An evolution of its own
He was in his early 20s and it was the mid-sixties when he moved to the Vineyard, and began to work seriously on his own folk-art style. There was an added benefit: He found he could sell his work here. (“I used to get these boards off the beach and paint these fish on them and sell them …”) Since then, Mr. Kent has continued to explore animals, humans, and that pastoral scenery in his own distinctive mixed reality-fantasy style. For the past half-century, he has evolved within that, painting on different media — not just on canvas but on wooden bowls, oars, antique ironing boards, and found objects that often have a folk history of their own. “For me it’s one slow-moving train. It evolves on its own,” he maintains.

Until one day in the summer of 2012, when that slow-moving train changed to a space vehicle, and the deliberate evolution changed to a quantum leap.

Mr. Kent had gone to listen to a “teaching” at the Bodhi Path Buddhist Center in West Tisbury. Afterward there was an exploration of ideas with the teacher (and Bodhi Path founder), Shamar Rinpoche. Mr. Kent recalls, “Rinpoche was talking, and the talk got to life after death. There was a complicated set of questions and answers. One question was, ‘Well, if I’m in an accident and I’m all torn up, how is my mind going to survive?’ And Shamar Rinpoche said, ‘The mind is not an organ; it’s not like your heart or your knee. It’s thought.’ And somebody asked, ‘What does it look like?’ And he responded, ‘Nobody knows.’ And that’s what piqued me right there. I immediately could see something going through space when he said that. Right away. That’s where the mind series came from.”

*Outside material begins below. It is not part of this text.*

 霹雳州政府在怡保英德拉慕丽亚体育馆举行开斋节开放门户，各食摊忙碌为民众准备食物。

"Cheetah" oil on panel 21 x 24.5 inches

“Cheetah” oil on panel 21 x 24.5 inches

Mr. Kent took the leap three years ago, leaving his past work rooted in known objects and places and instead trying to depict on canvas that most elusive of subjects, our minds. He started with more tentative images, almost without form — sprays of white light tinged with color. His work has evolved rapidly. The “mind” pieces have developed distinct forms, and now a powerful force of shape and color. They are commanding pieces, even more so when placed next to Mr. Kent’s folk art with all of its antique simplicity.

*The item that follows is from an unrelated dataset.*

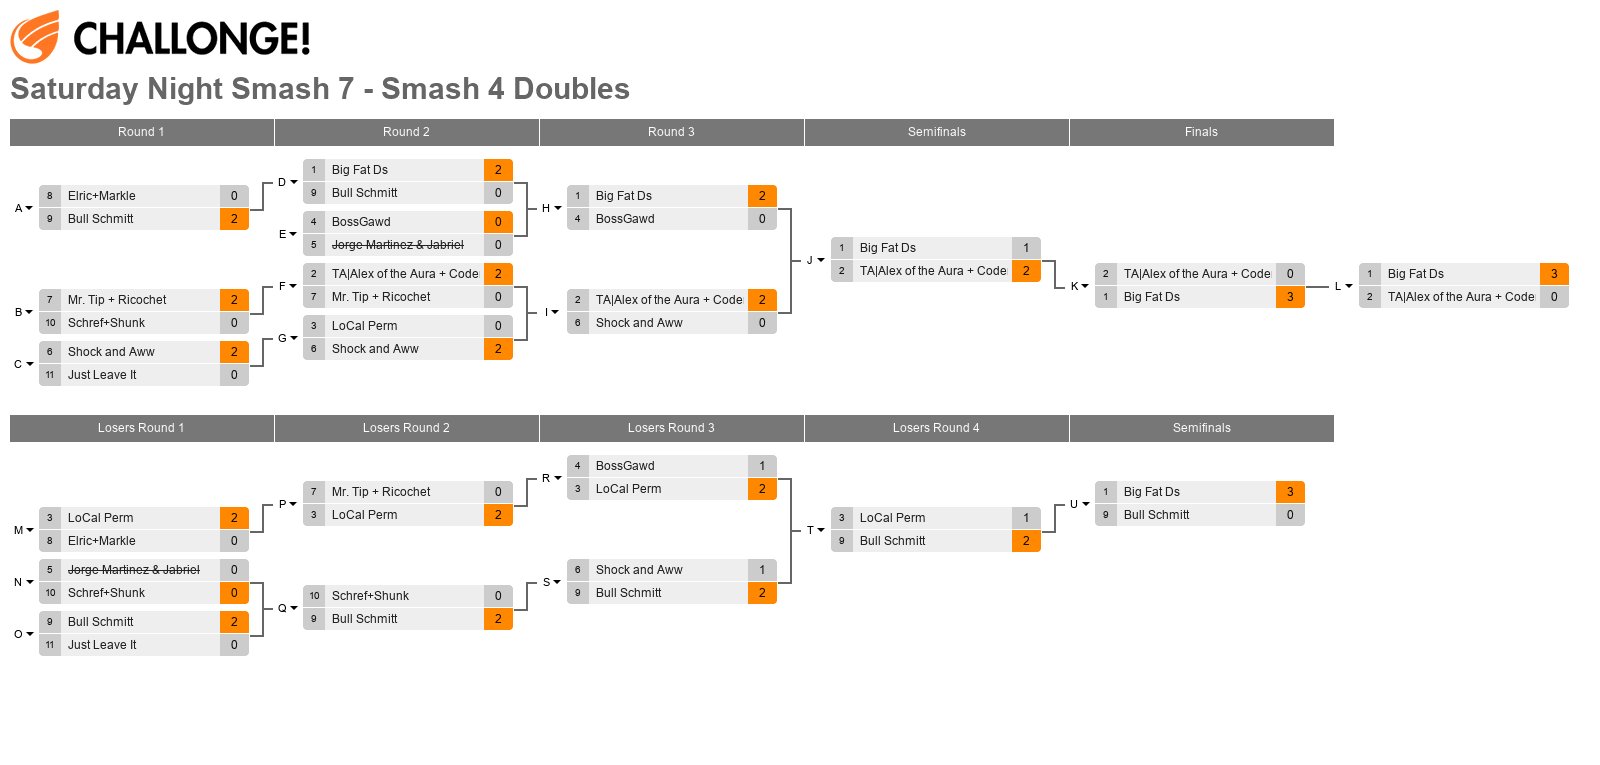 Saturday Night Smash 7 - Smash 4 Doubles

The entire series does give the impression of a vibrant and in some cases traveling mind. As I looked I wanted to ask, “Where are you going with this? Where are you taking us?” We can only hope for the answer on future canvases. In a preview of what might happen next, in a corner of his studio a stream of black horses painted in a primitive style gallop through a Mind Travel canvas. The combined theme is no longer a complete surprise. Perhaps the new task for Mr. Kent is to integrate his past with his future. Another journey. His evolution continues.

Niki Patton is a writer who has been active in the Island’s music, theater, video, and writing communities for two decades, both as a performer and a supporter. She lives in West Tisbury.